Without including any pictures, write out the data below exactly.
Data segment Block Start
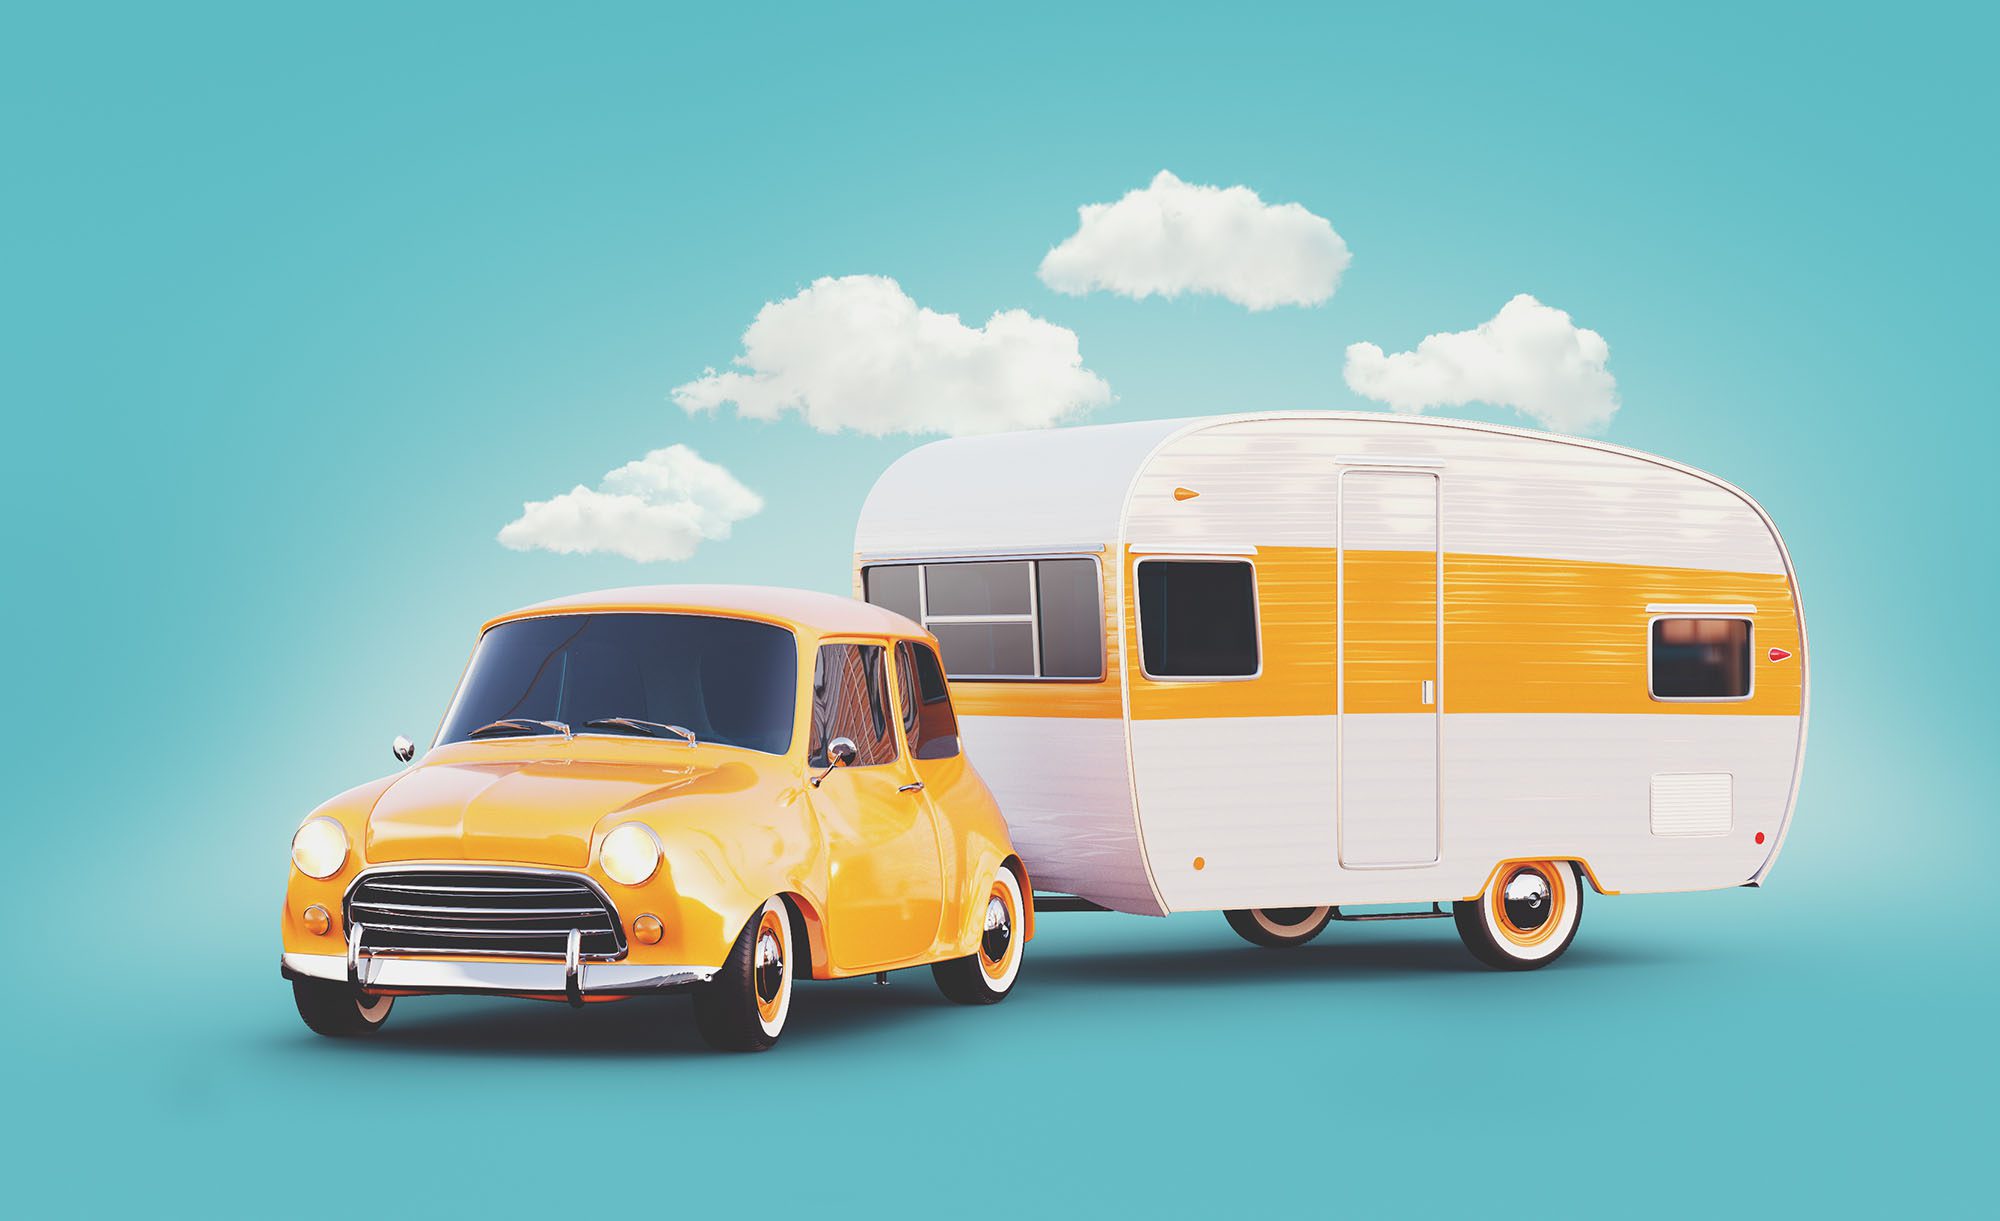 Retro car with white trailer. Unusual 3d illustration of a caravan. Camping and traveling concept
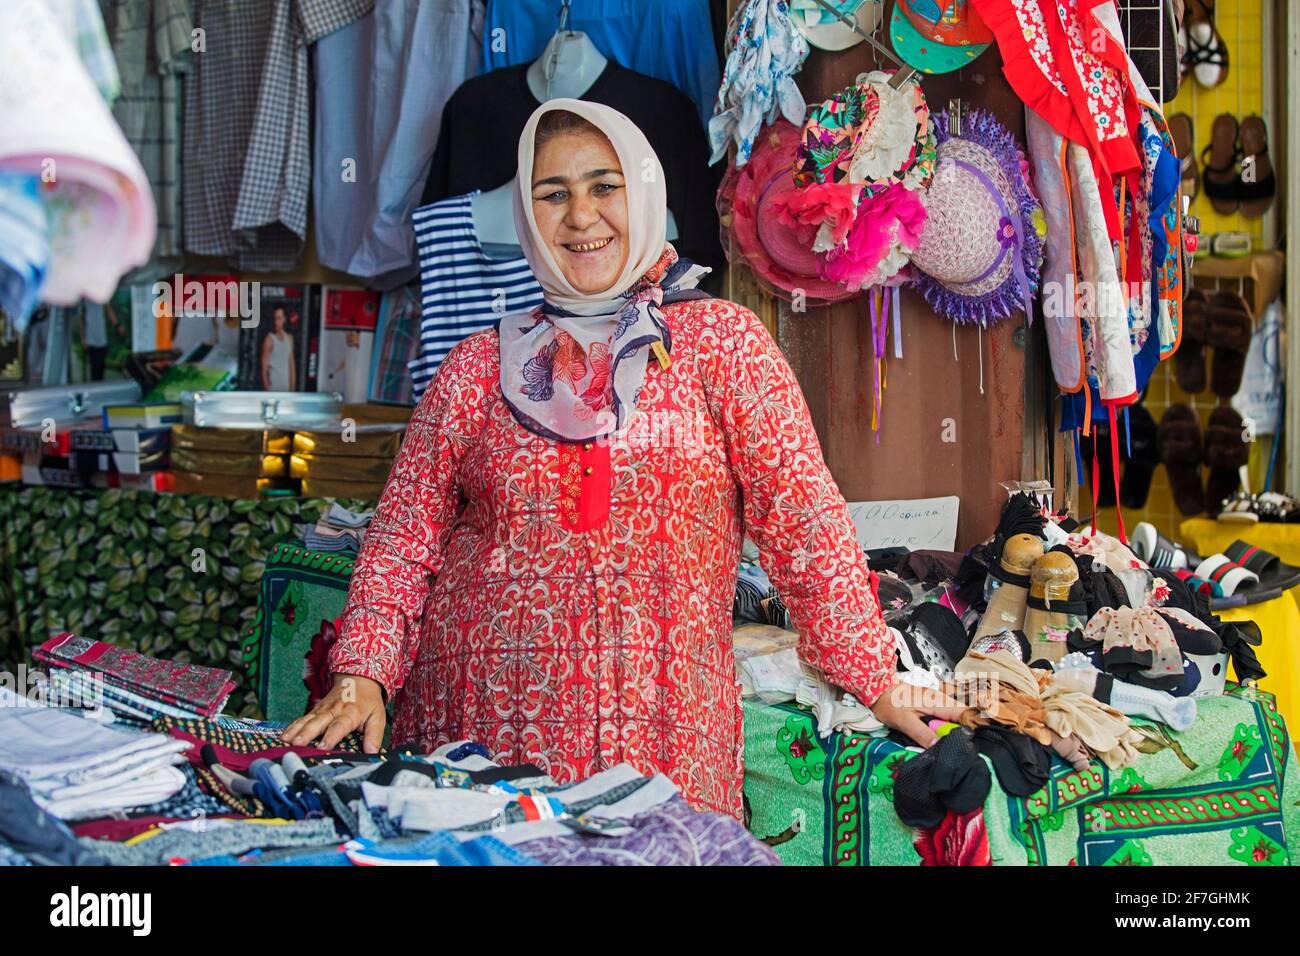 Kyrgyz woman with golden teeth selling clothes at market in the city Osh, Kyrgyzstan Stock Photo
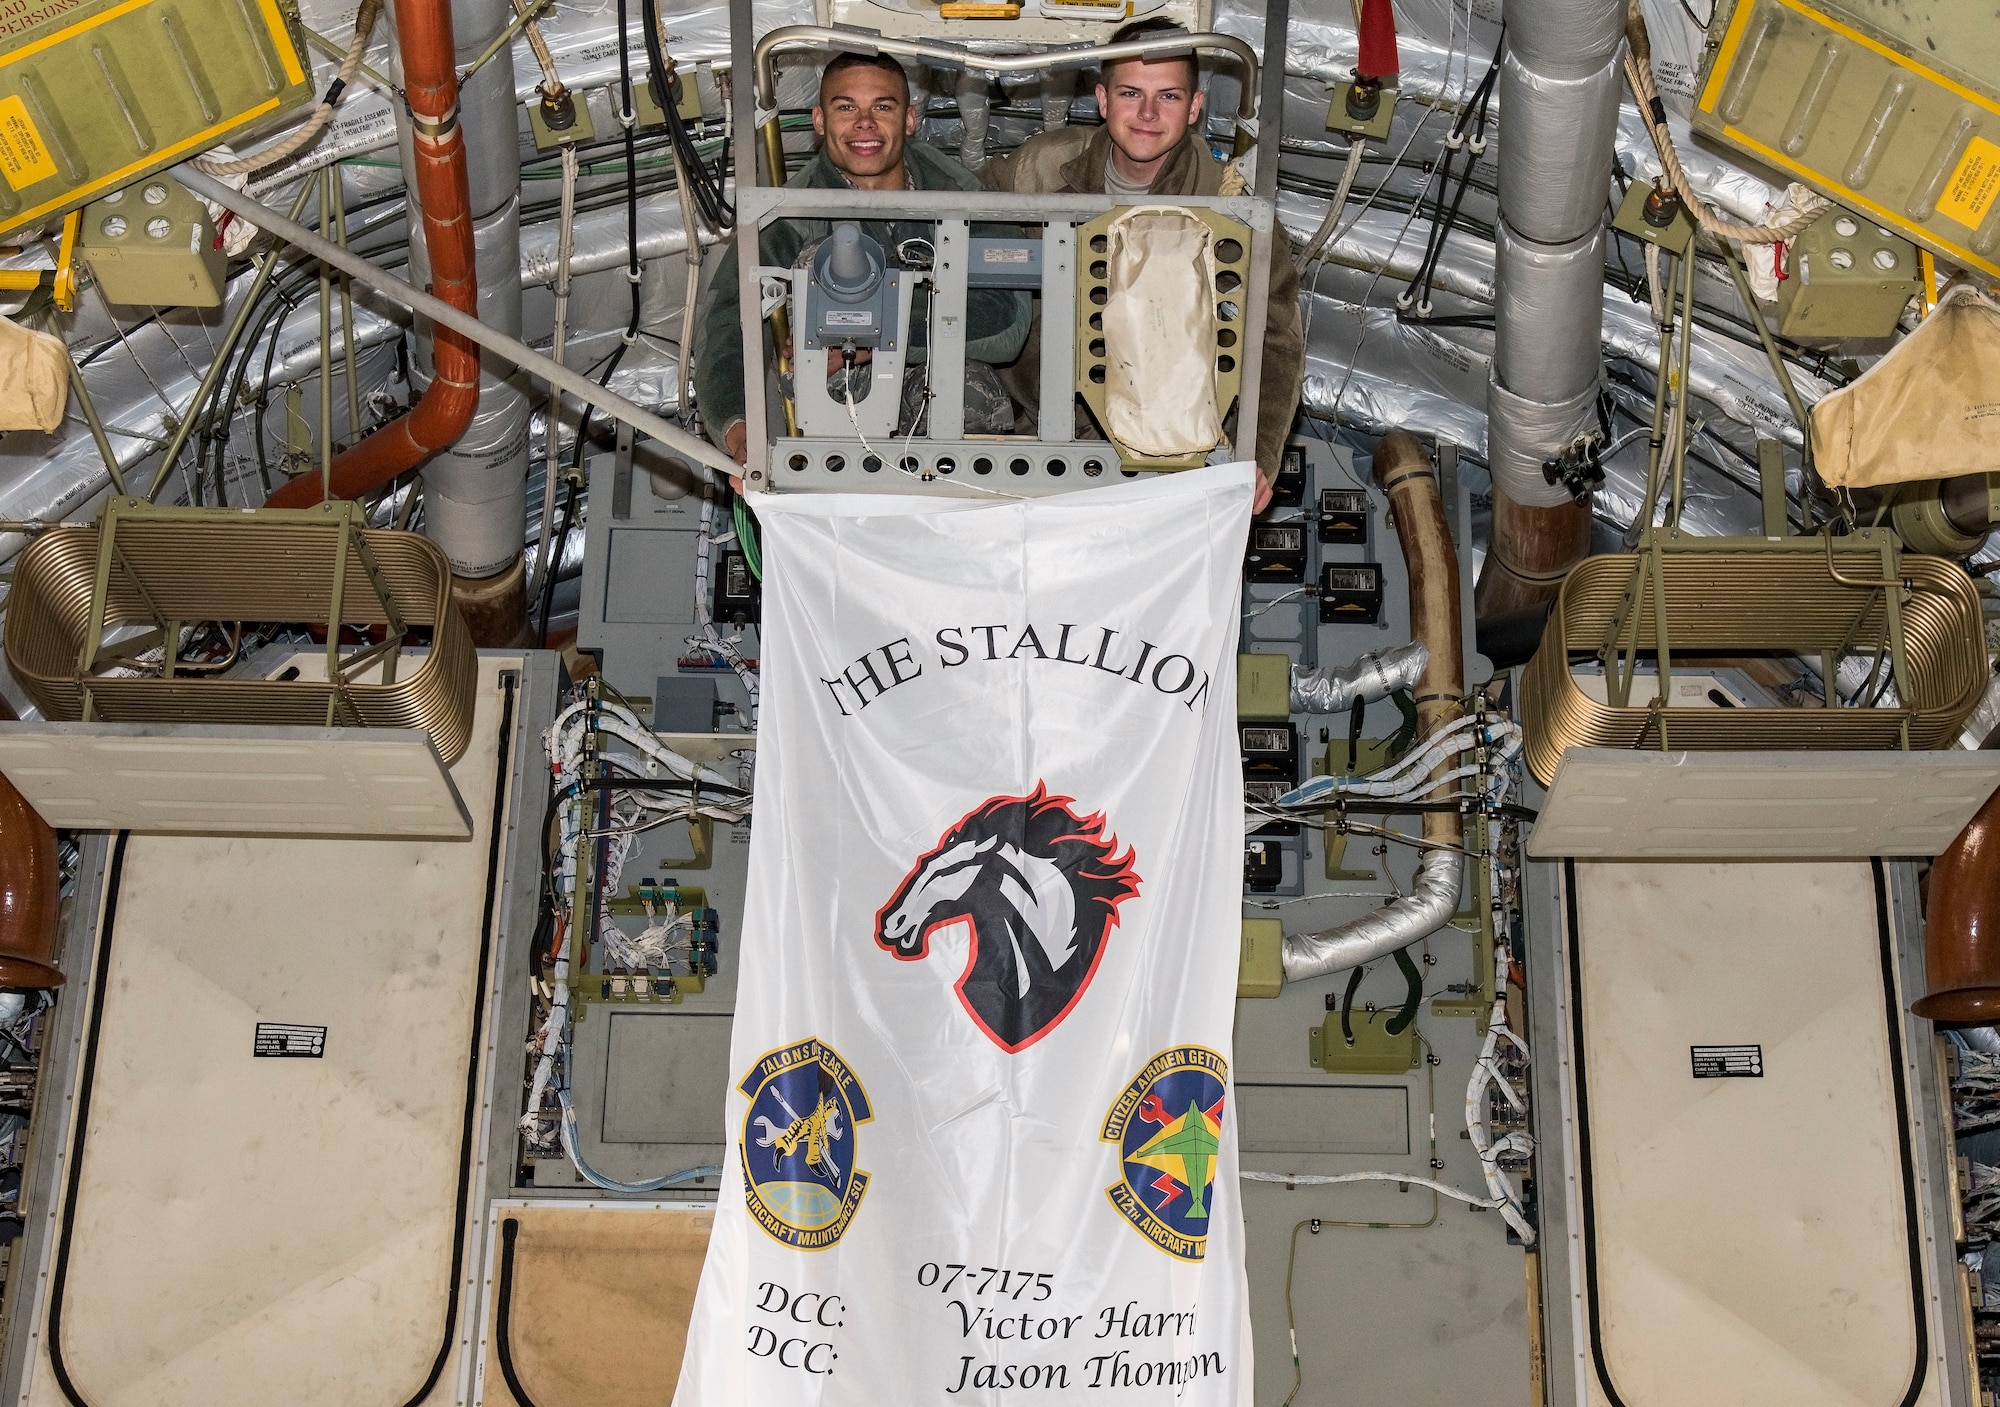 Senior Airman Victor Harris, right, Dedicated Crew Chief, and Airman 1st Class Jason Thompson, left, Assistant DCC, both assigned to the 736th Aircraft Maintenance Squadron, hold their aircraft flag where it will hang Nov. 21, 2018, at Dover Air Force Base, Del. Each of the 13 C-17 Globemaster III aircraft assigned to Dover will display a flag showing the unofficial name of the aircraft, tail number, and the names of the DCC and ADCC. (U.S. Air Force photo by Roland Balik)
Data segment Block End
Output of the task:
 Retro car with white trailer. Unusual 3d illustration of a caravan. Camping and traveling concept
 Kyrgyz woman with golden teeth selling clothes at market in the city Osh, Kyrgyzstan Stock Photo
 Senior Airman Victor Harris, right, Dedicated Crew Chief, and Airman 1st Class Jason Thompson, left, Assistant DCC, both assigned to the 736th Aircraft Maintenance Squadron, hold their aircraft flag where it will hang Nov. 21, 2018, at Dover Air Force Base, Del. Each of the 13 C-17 Globemaster III aircraft assigned to Dover will display a flag showing the unofficial name of the aircraft, tail number, and the names of the DCC and ADCC. (U.S. Air Force photo by Roland Balik)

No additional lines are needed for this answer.